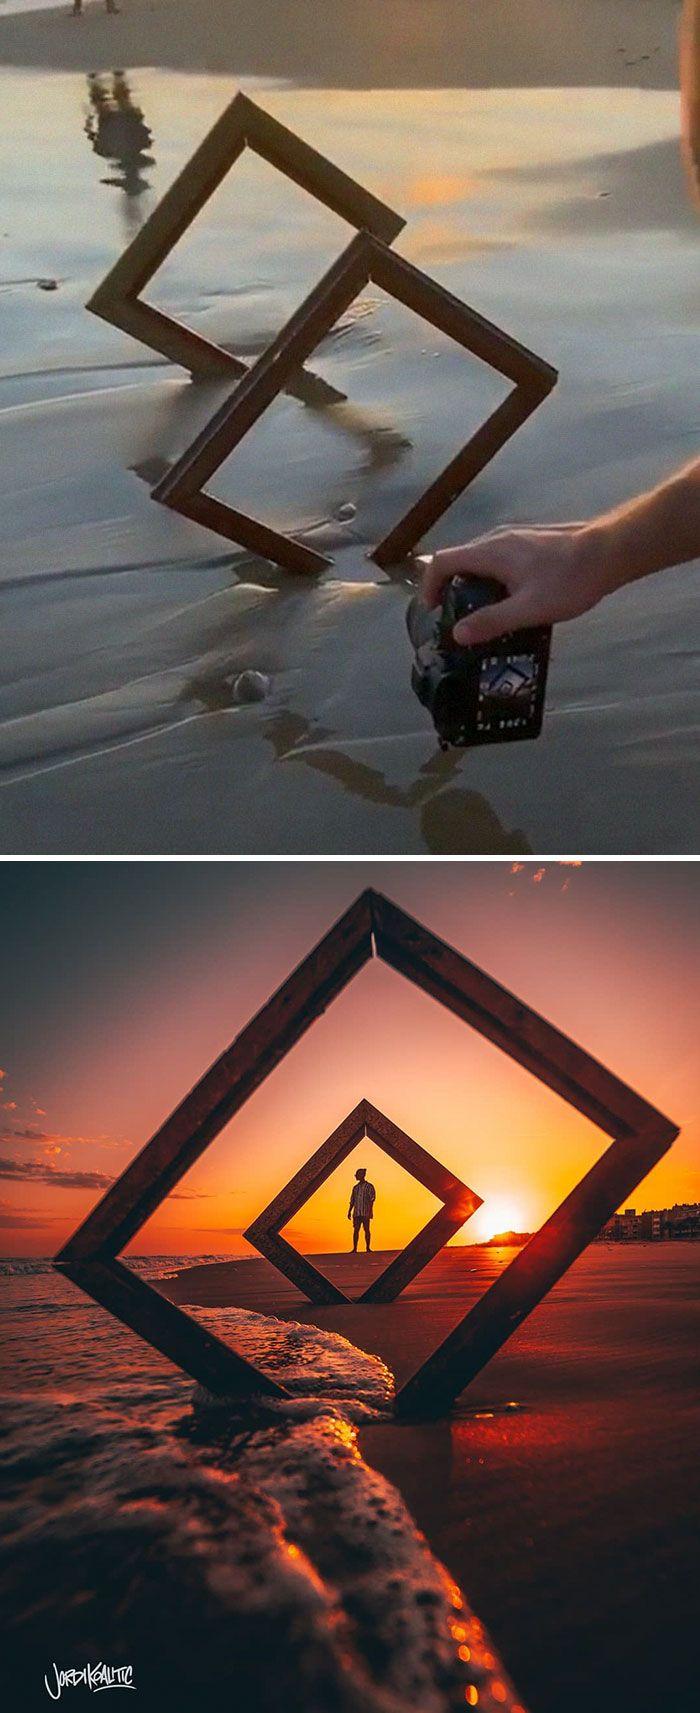 Framing photography tips
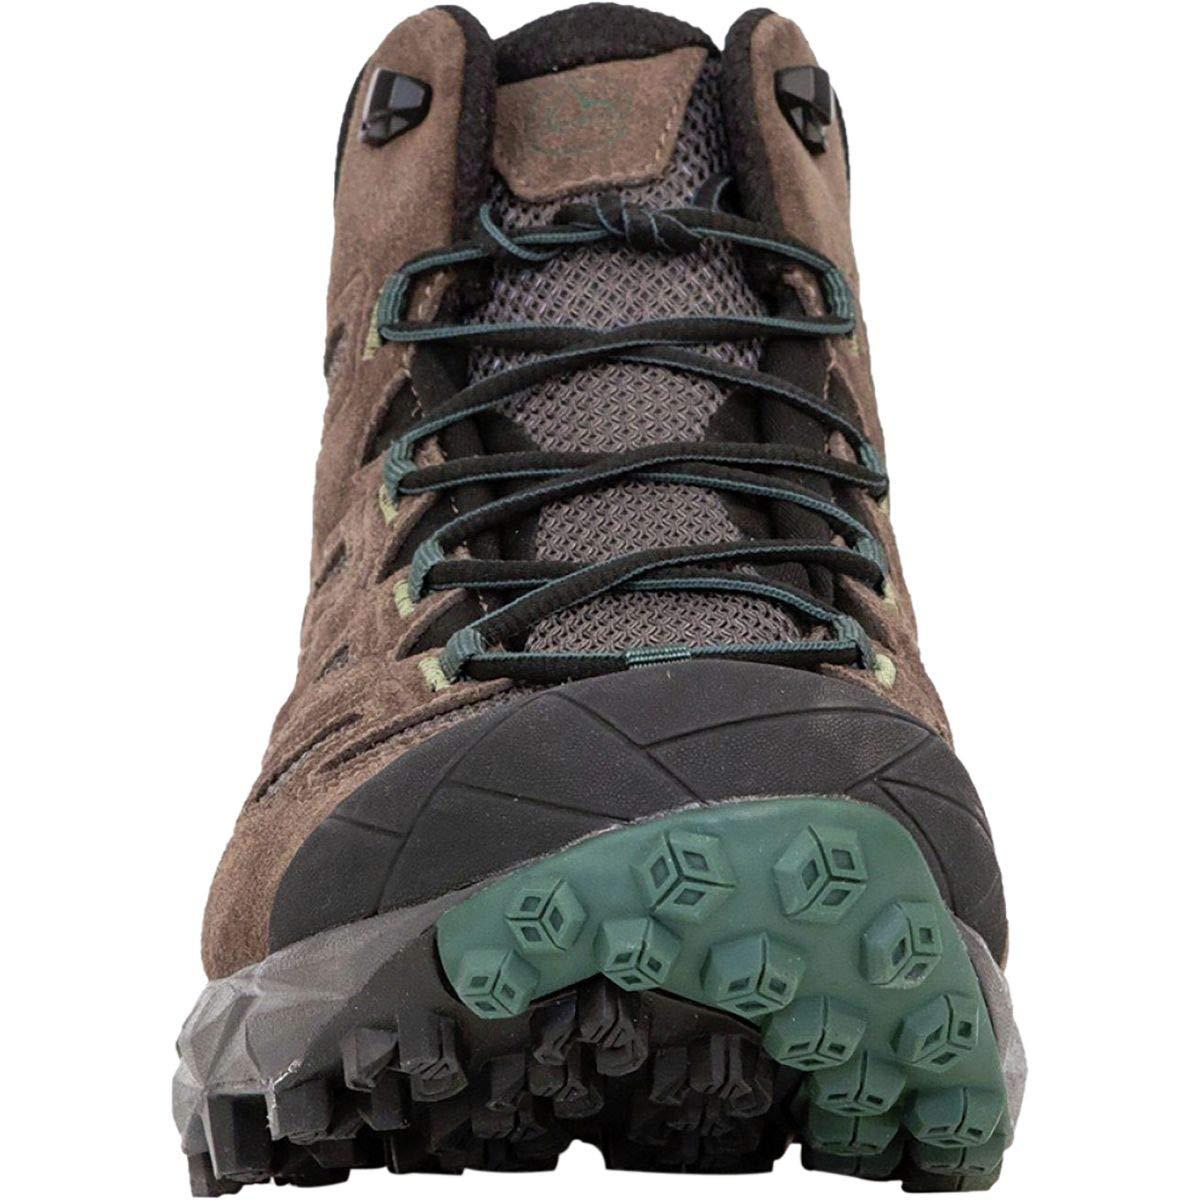 La Sportiva Trail Ridge MID Hiking Shoe
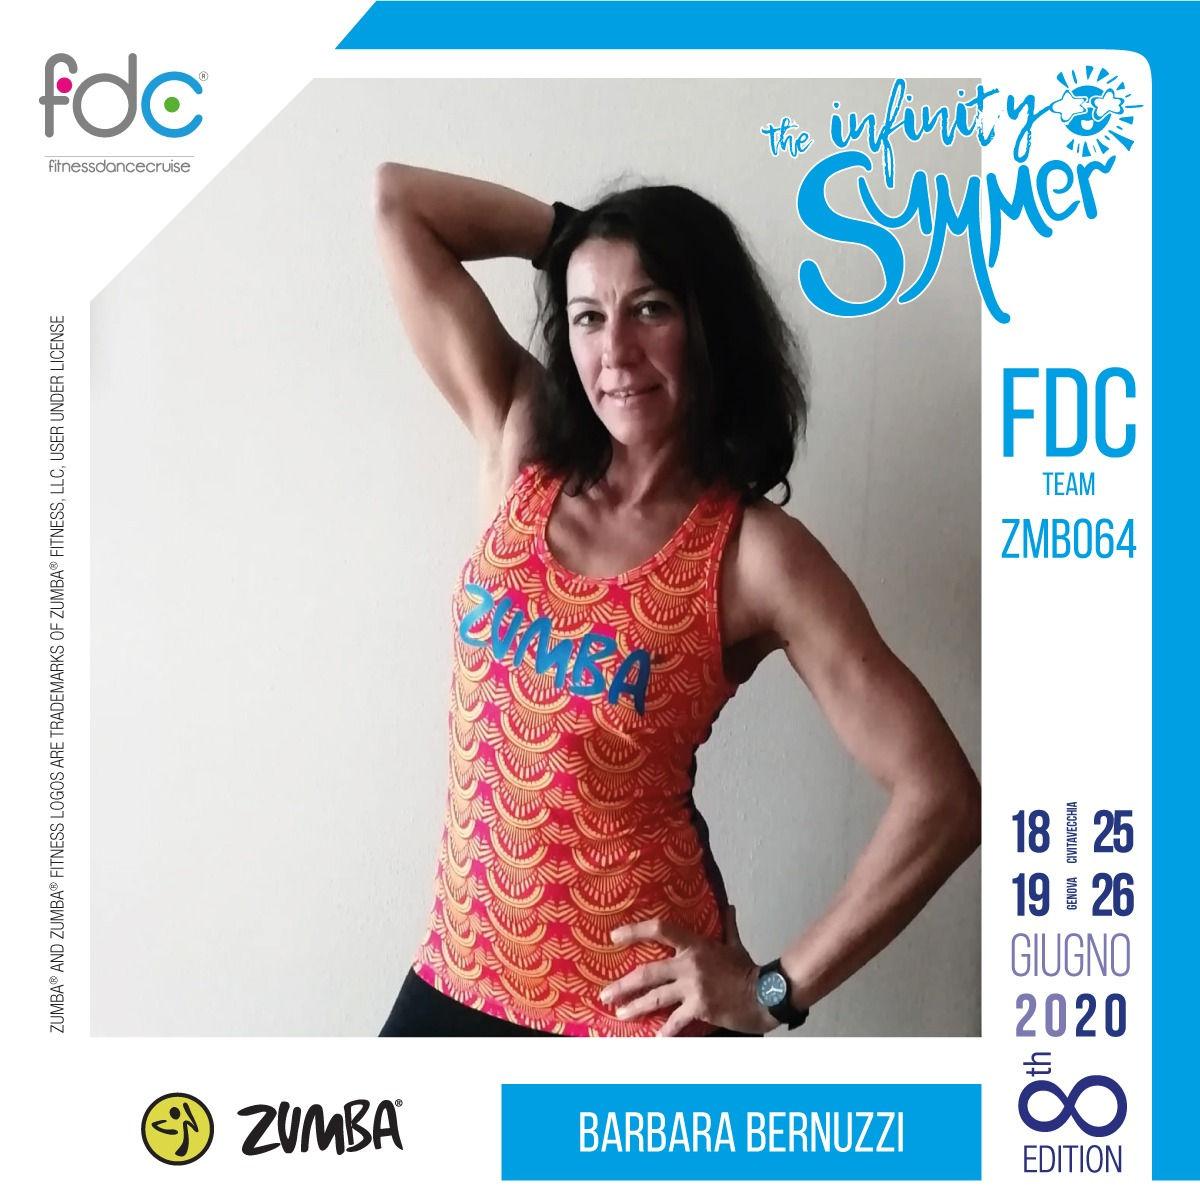 FDC Team Barbara Bernuzzi
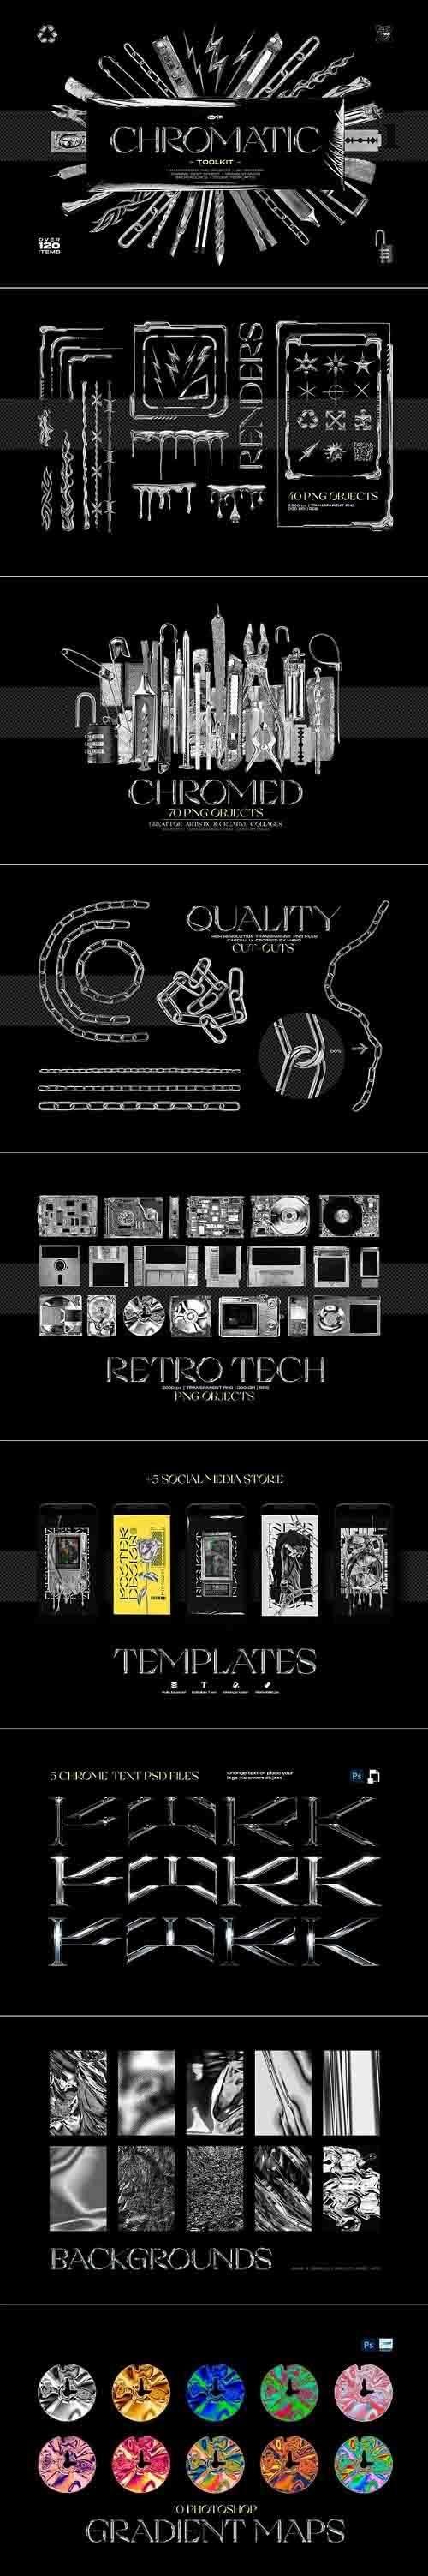 CreativeMarket - Chromatic Toolkit 5743691

• _Work request_
Every line above is to be given again exactly, apart from the pictures.

• _Output_
 Framing photography tips
 La Sportiva Trail Ridge MID Hiking Shoe
 FDC Team Barbara Bernuzzi
 CreativeMarket - Chromatic Toolkit 5743691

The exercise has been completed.